Thank you for this…   

I understand your point of view here and agree with much of it.   There are clearly potentially strong feelings in the community, but yes, we do need to engage with Otago’s businesses. 

You are right that Otago Polytechnic should be investing in LivingCampus, and indeed it is.    We need to be careful though, while we see LivingCampus as being very beneficial for learning, it is not as obvious as say, employing a lecturer – in the short term at least investment in these initiatives could be seen to be taking money away from direct teaching and learning.  In this regard, it is important to remember that the LivingCampus is “more than a garden” – it is also a centre of engagement in learning around sustainability.  This is going to take effort and investment in integration into learning, development of teaching resources, and a heavy focus on interpretative and interactive resources.  

The LivingCampus is also a busy campus- something like 14,000 people come through the door each year (and that’s not counting the passing foot traffic, hockey players or skateboarders).  We do not have the luxury of a home garden – everything we do is scrutinized by health and safety, disability access, building consent requirements etc.  We are carefully treading a tightrope between an organic feeling and a high use outdoor museum. This is, unfortunately, not cheap.
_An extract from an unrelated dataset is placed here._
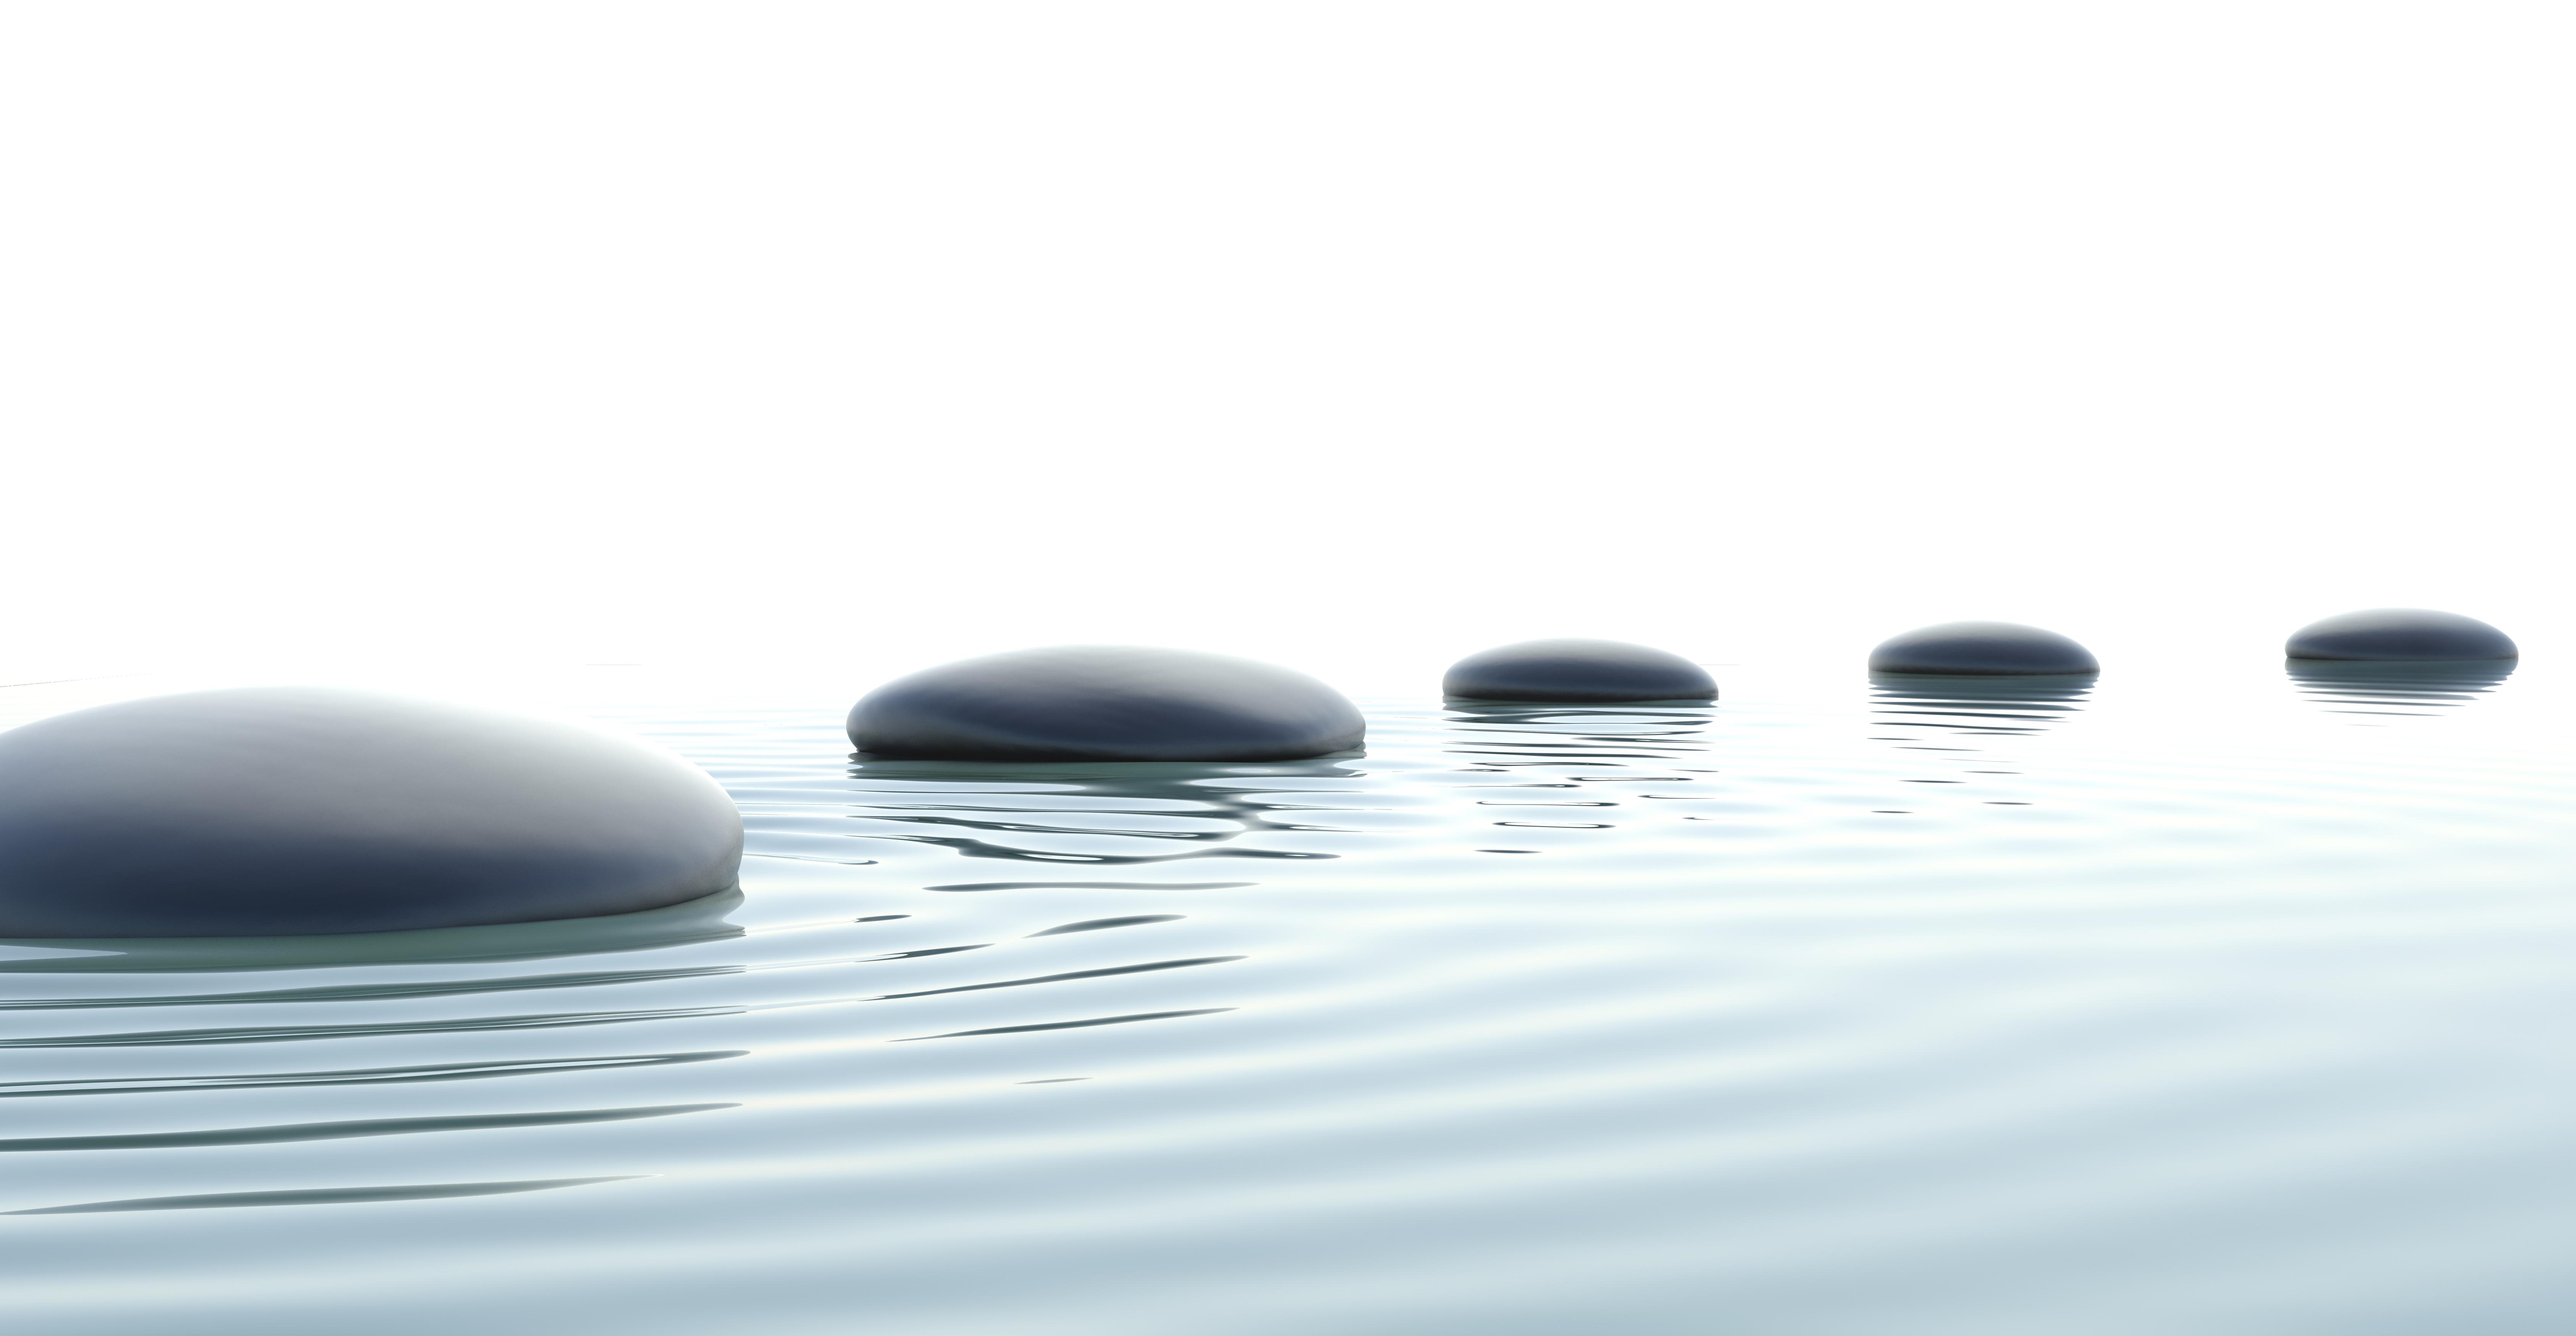 Cultivating a successful mindset

So, yes, we do need the money.  Perhaps more important than this though, is we need the engagement of the whole community – including the businesses.  While we may not like some aspects of what they represent, the fact remains that they are here.  Most importantly, the big shed hardware/gardening stores are where most people are getting their materials, resources and knowledge.  To get the people, we need the big sheds to move to a sustainability message.  To misquote someone, we need them in the garden, not outside it.
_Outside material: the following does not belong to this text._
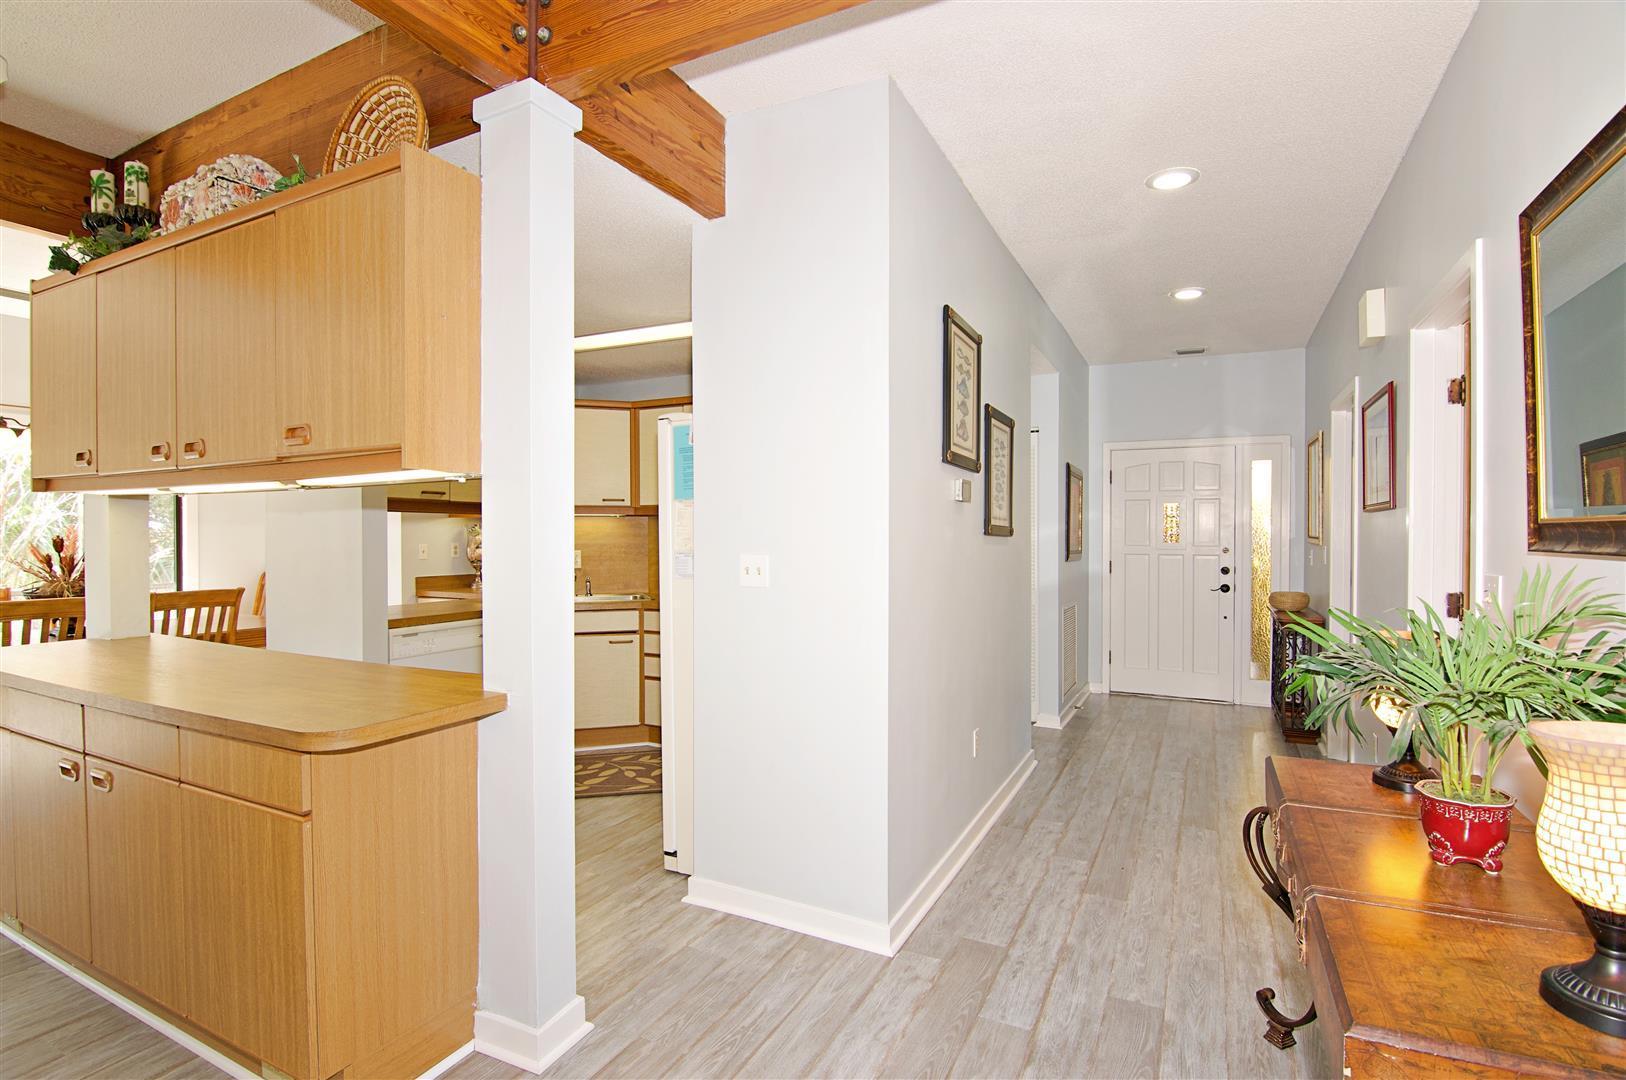 Seabrook Island Homes For Sale - 3020 Ocean Winds, Seabrook Island, SC - 6

Your email has prompted me to look for advice.  The best I can find is the Ethical Consumer website
This UK group recognises, as you do,that “Sponsorship is not philanthropy. It is a mutually beneficial business partnership”.   They suggest a code of ethics that is used to “share a common understanding of the charity’s ethical values”.
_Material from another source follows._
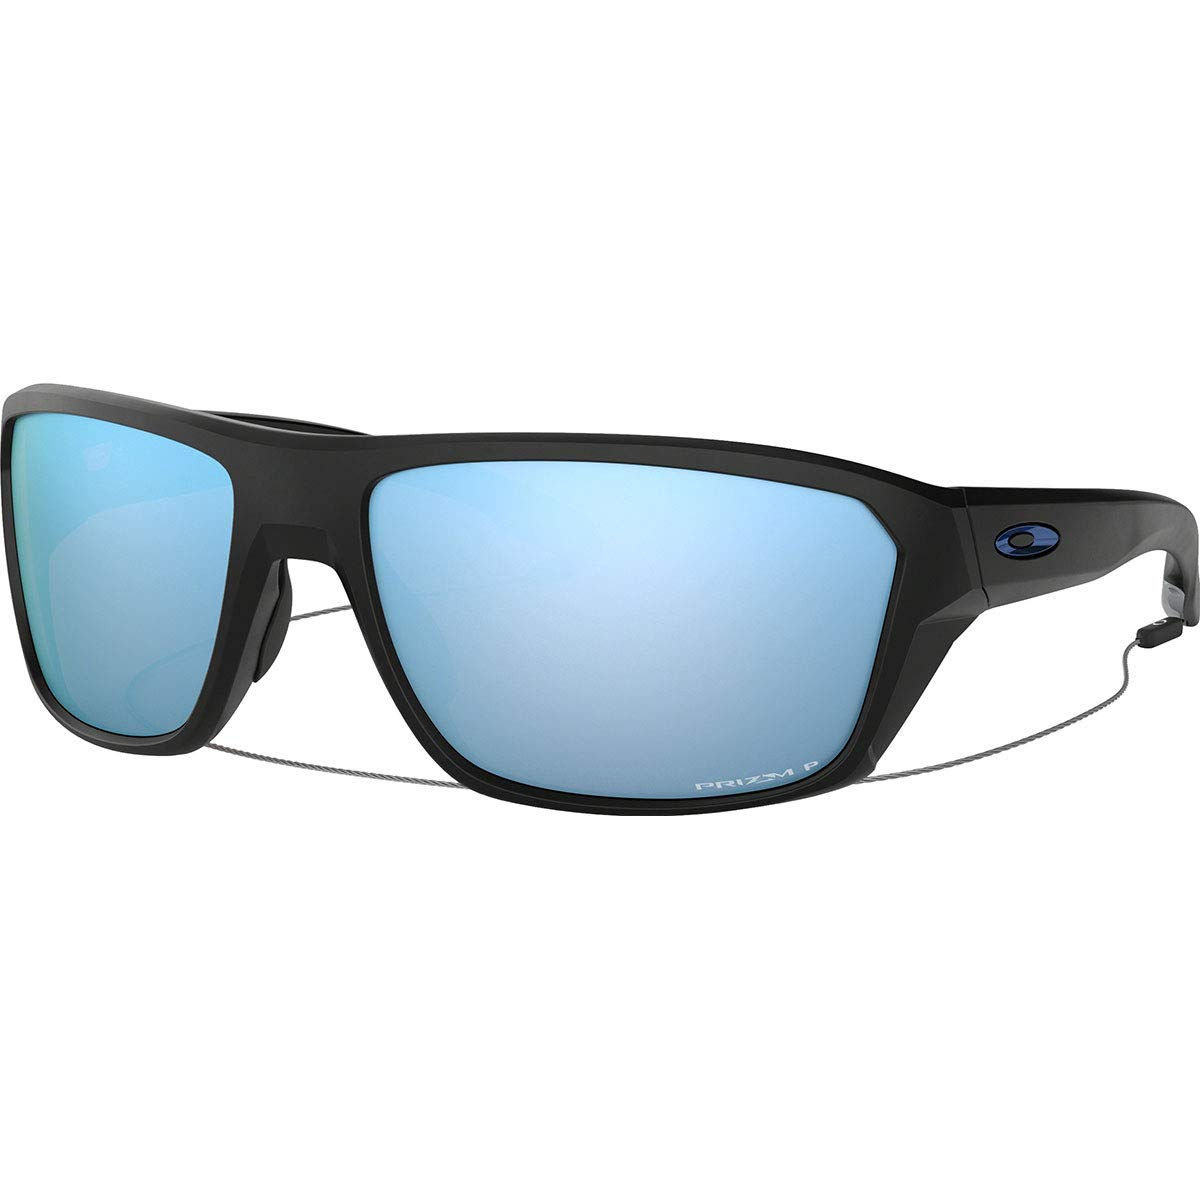 Oakley Men's OO9416 Split Shot Rectangular Sunglasses, Matte Black/Prizm Deep H2O Polarized, 64 mm by Oakley

I think we need to write a set of guidelines for association with LivingCampus.  You are right, people will want to “associate with the amazing, organic, wholesome community initiative toward sustainability”.  And you are also right that other people will assume some sort of alignment of values.  

I’ve spoken about this with our business relationship manager.  He suggests a “softly softly” approach, the retail sector is not strong at the moment, too big a stick and we’ll lose both the opportunity to engage and the possibility of money.   We have quite a big stick in our procurement policy:

1.1.At Otago Polytechnic purchasing decisions, at whatever level these are made, are expected to take into account both financial and sustainability issues, and to contribute towards meeting the Polytechnics objectives in the area of sustainability.

1.2.A sustainable approach to purchasing means taking into account social, environmental and broad economic factors when meeting the Polytechnics needs for goods and/or services.

1.3.Otago Polytechnics objectives in the area of sustainability (green objectives)

  • Support suppliers who are socially responsible and have adopted ethical practices
  • Avoid unnecessary consumption
  • Select goods and/or services which have a lower environmental impact across their life cycle than competing goods and/or services
  • Support suppliers whose work practices demonstrate innovation in sustainability
  • We clearly need to build relationships with the businesses in our community as well as groups such as your own.  By working with the businesses we can contribute to their progress down this sustainability pathway.  

    Would you be able to help us with this, perhaps a short working party to write a LivingCampus Code of Ethics…?



    What such a document say?  What alternatives are there?  How can we make this ethical and practical issue a  win-win situation?   How do we reflect both points of view without burning bridges?